Vérification de la gouvernance – Région de l’Atlantique

1.0 Introduction

Le Plan de vérification axé sur les risques de 2010‑2013 de Citoyenneté et Immigration Canada (CIC) a mis de l’avant le besoin de réaliser une vérification de la gouvernance, dans la Région de l’Atlantique. Le Plan de vérification axé sur les risques a relevé les initiatives sur le plan de la vérification et de la consultation qui devaient être entreprises durant l’année en cours, en tenant compte d’une combinaison des risques et des priorités du Ministère. Cette vérification couvrait l’ensemble des aspects relatifs à la gouvernance et à la gestion du risque, au sein de la Région de l’Atlantique. Le travail sur place a été effectué les 6 et 7 juillet 2010.

1.1 Contexte

CIC a la responsabilité de la sélection et du traitement des demandes de résidence temporaire ou permanente; il a aussi la responsabilité d’aider les nouveaux arrivants au Canada à s’adapter à la société canadienne et à devenir des citoyens. Les principales lois habilitantes du Ministère sont la Loi sur le ministère de la Citoyenneté et de l’Immigration (1994), la Loi sur l’immigration et la protection des réfugiés (LIPR, 2002), la Loi sur la citoyenneté (1977) ainsi que la Loi sur le multiculturalisme canadien (1988).

Par l’entremise du sous-ministre adjoint des Opérations,  le Secteur des opérations est chargé de l’exécution des programmes de CIC. La Région de l’Atlantique est l’une des régions intérieures du Secteur des opérations qui s’occupe de l’exécution des programmes. Au plan national, on retrouve les secteurs d’activité suivants : le Programme d’immigration, le Programme concernant les résidents temporaires, le Programme pour les réfugiés, le Programme d’intégration, le Programme de citoyenneté ainsi que le Programme du multiculturalisme. Nous traitons de manière plus détaillée chacun de ces programmes dans les sections qui suivent.

1.1.1 Programme d’immigration

Résidents permanents

Selon la LIPR, une personne peut présenter une demande de résidence permanente depuis le Canada si elle entre dans l’une des quatre catégories suivantes: aides familiaux résidants, titulaires de permis, personnes protégées, et époux/ conjoints de fait.

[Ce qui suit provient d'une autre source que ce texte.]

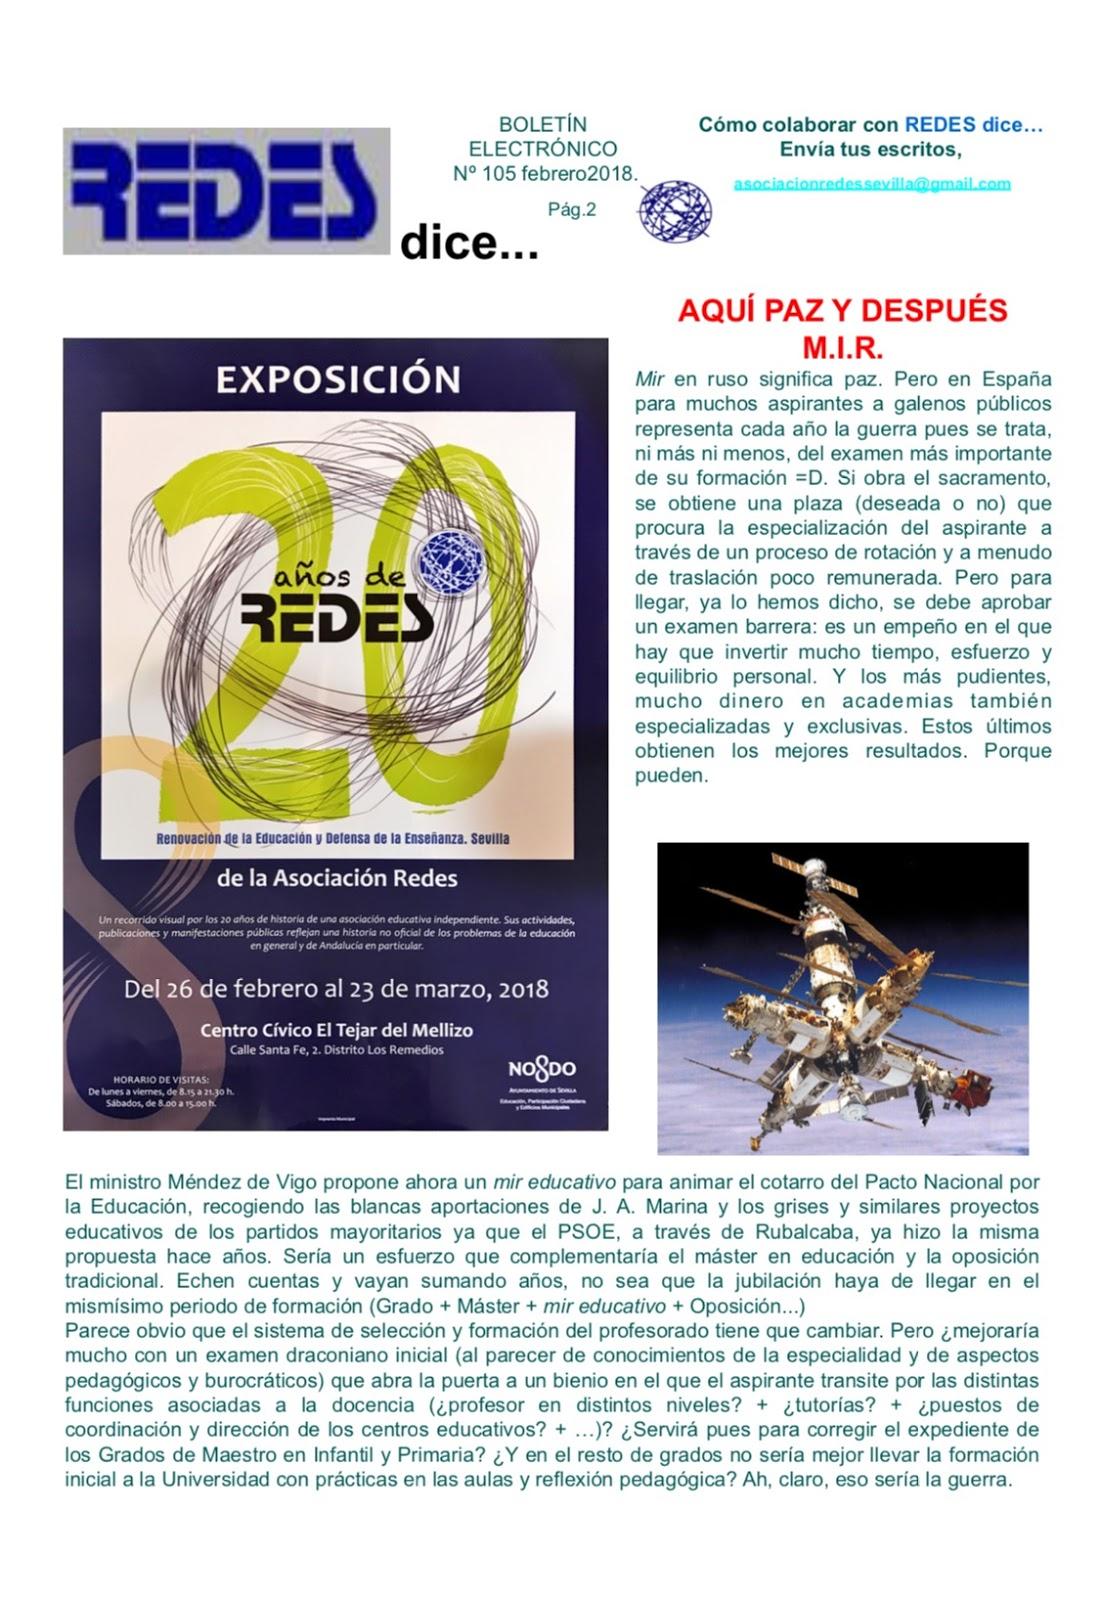 Boletín Electrónico REDES dice...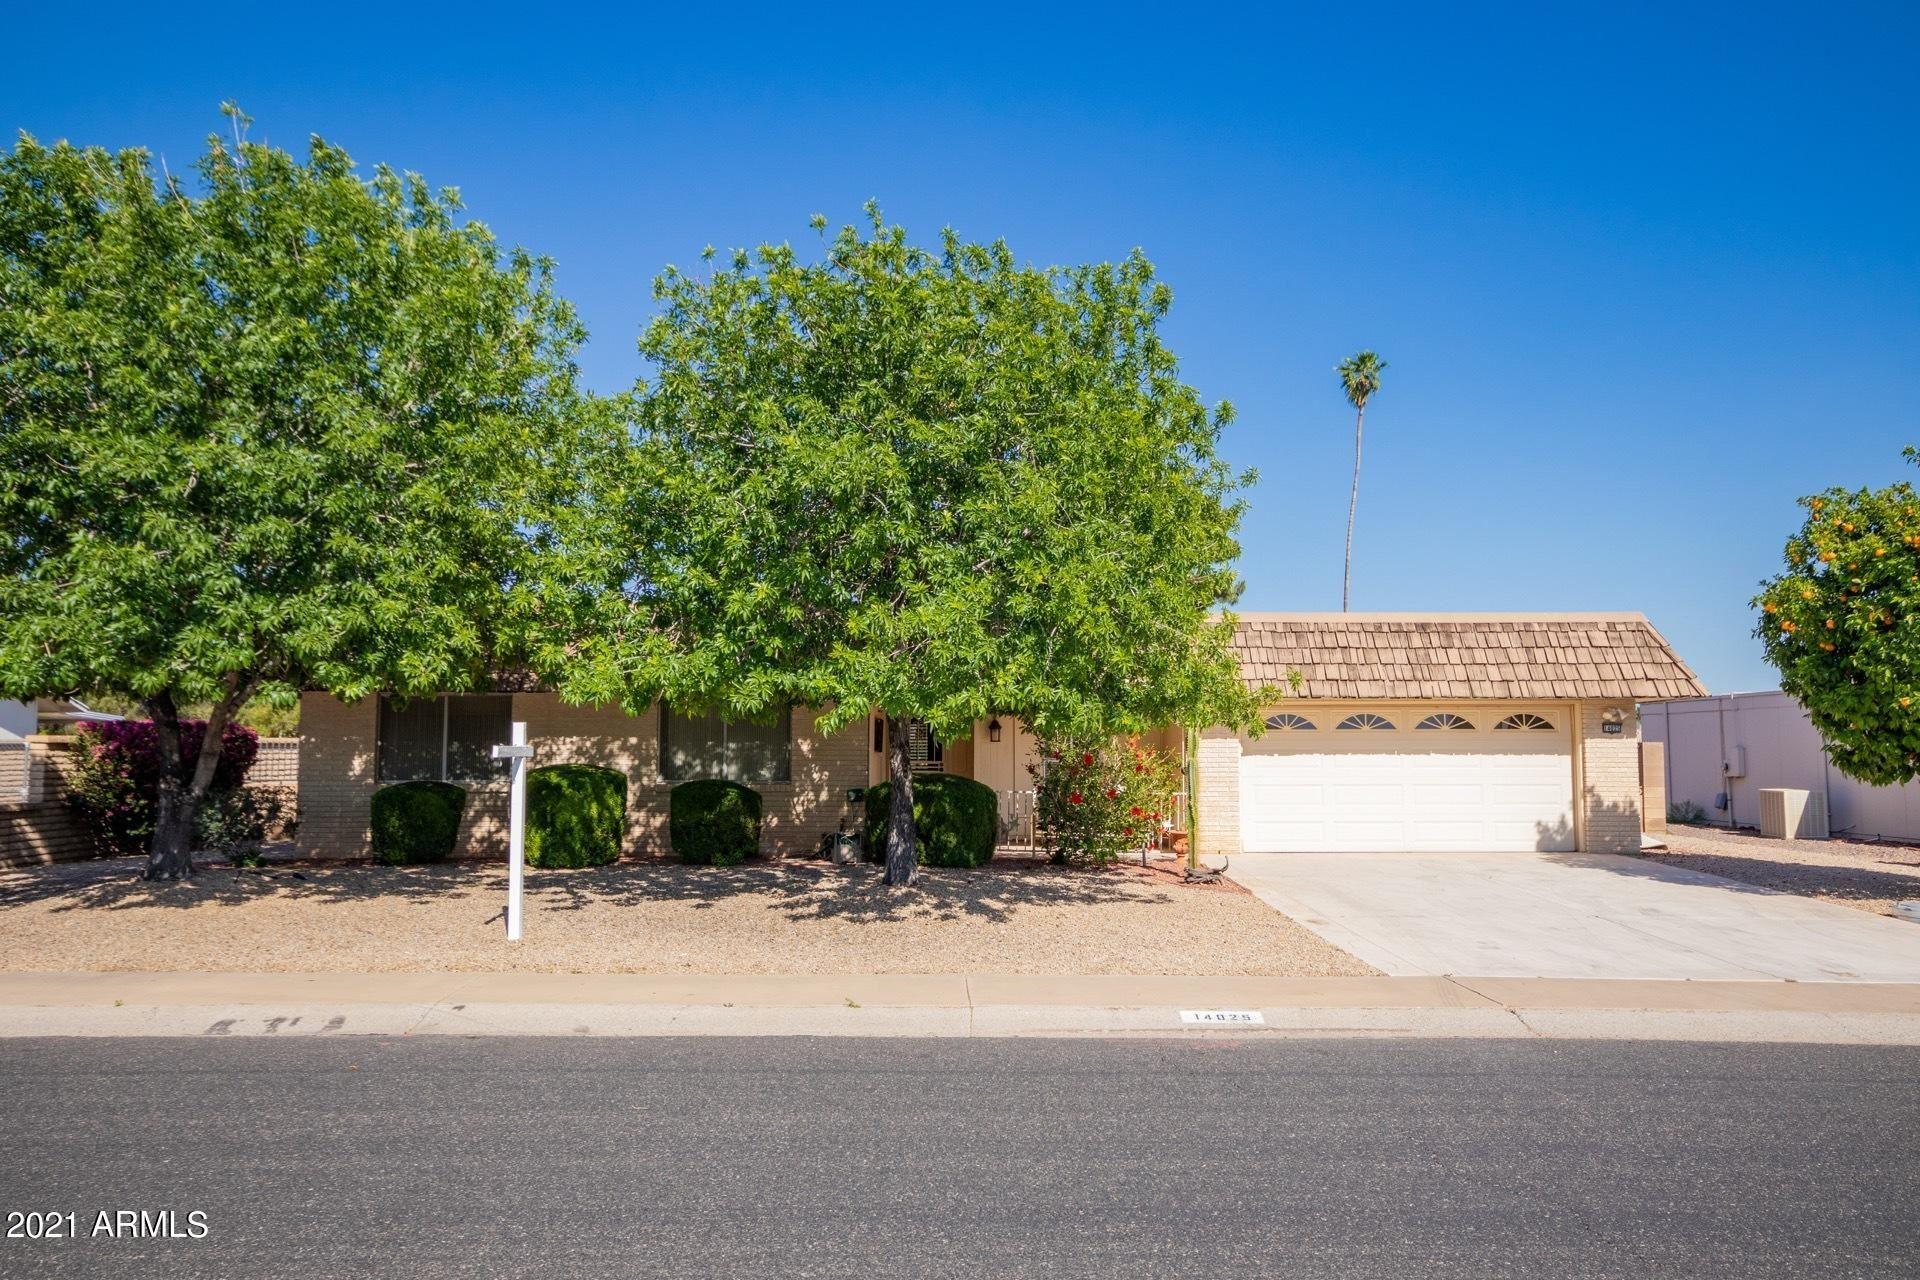 14025 N LAKEFOREST Drive, Sun City, AZ 85351 - MLS#: 6224582

Tout étranger qui se trouve au Canada et qui ne satisfait pas aux critères d’admissibilité de l’une ou l’autre des quatre catégories de résidents permanents, ou qui est frappé d’interdiction de territoire, peut demander à être exempté des exigences législatives ou réglementaires pour des circonstances d’ordre humanitaire.

Les demandes de résidence permanente au Canada sont présentées au Centre de traitement des demandes de Vegreville (CTD‑V). Lorsque le CTD‑V ne peut traiter un cas ou rendre une décision sur un dossier, il l’achemine à un bureau local de CIC dans l’une des cinq régions intérieures, lequel traitera la demande en tenant compte des critères particuliers du renvoi. Dans la majorité des cas, tous les frais sont acquittés par les demandeurs lorsqu’ils expédient leur demande au CTD, bien que les bureaux locaux acceptent les paiements en espèces, par carte de crédit ou par mandat.

Immigration des gens d’affaires – Programme des entrepreneurs

La catégorie de l’immigration des gens d’affaires compte trois programmes  distincts : travailleurs autonomes, investisseurs et entrepreneurs. Le programme des entrepreneurs est le seul des trois à avoir une incidence sur les régions intérieures. La sélection des entrepreneurs s’effectue à l’étranger, tandis que les activités de surveillance des conditions qui leur sont imposées est confié aux bureaux des régions intérieures du Canada. Les entrepreneurs se voient accorder la résidence permanente, mais doivent satisfaire aux conditions qui leur sont imposées pour une période d’au moins un an. Dès que l’entrepreneur a satisfait aux conditions, il doit soumettre une demande d’annulation de celles-ci.

Actuellement, des activités de surveillance sont effectués, au Canada, tant sur des demandes antérieures à l’entrée en vigueur de la LIPR que sur des demandes postérieures.  Les cas antérieurs à la LIPR ont deux ans pour satisfaire aux conditions; les cas postérieurs à la LIPR ont trois ans pour le faire.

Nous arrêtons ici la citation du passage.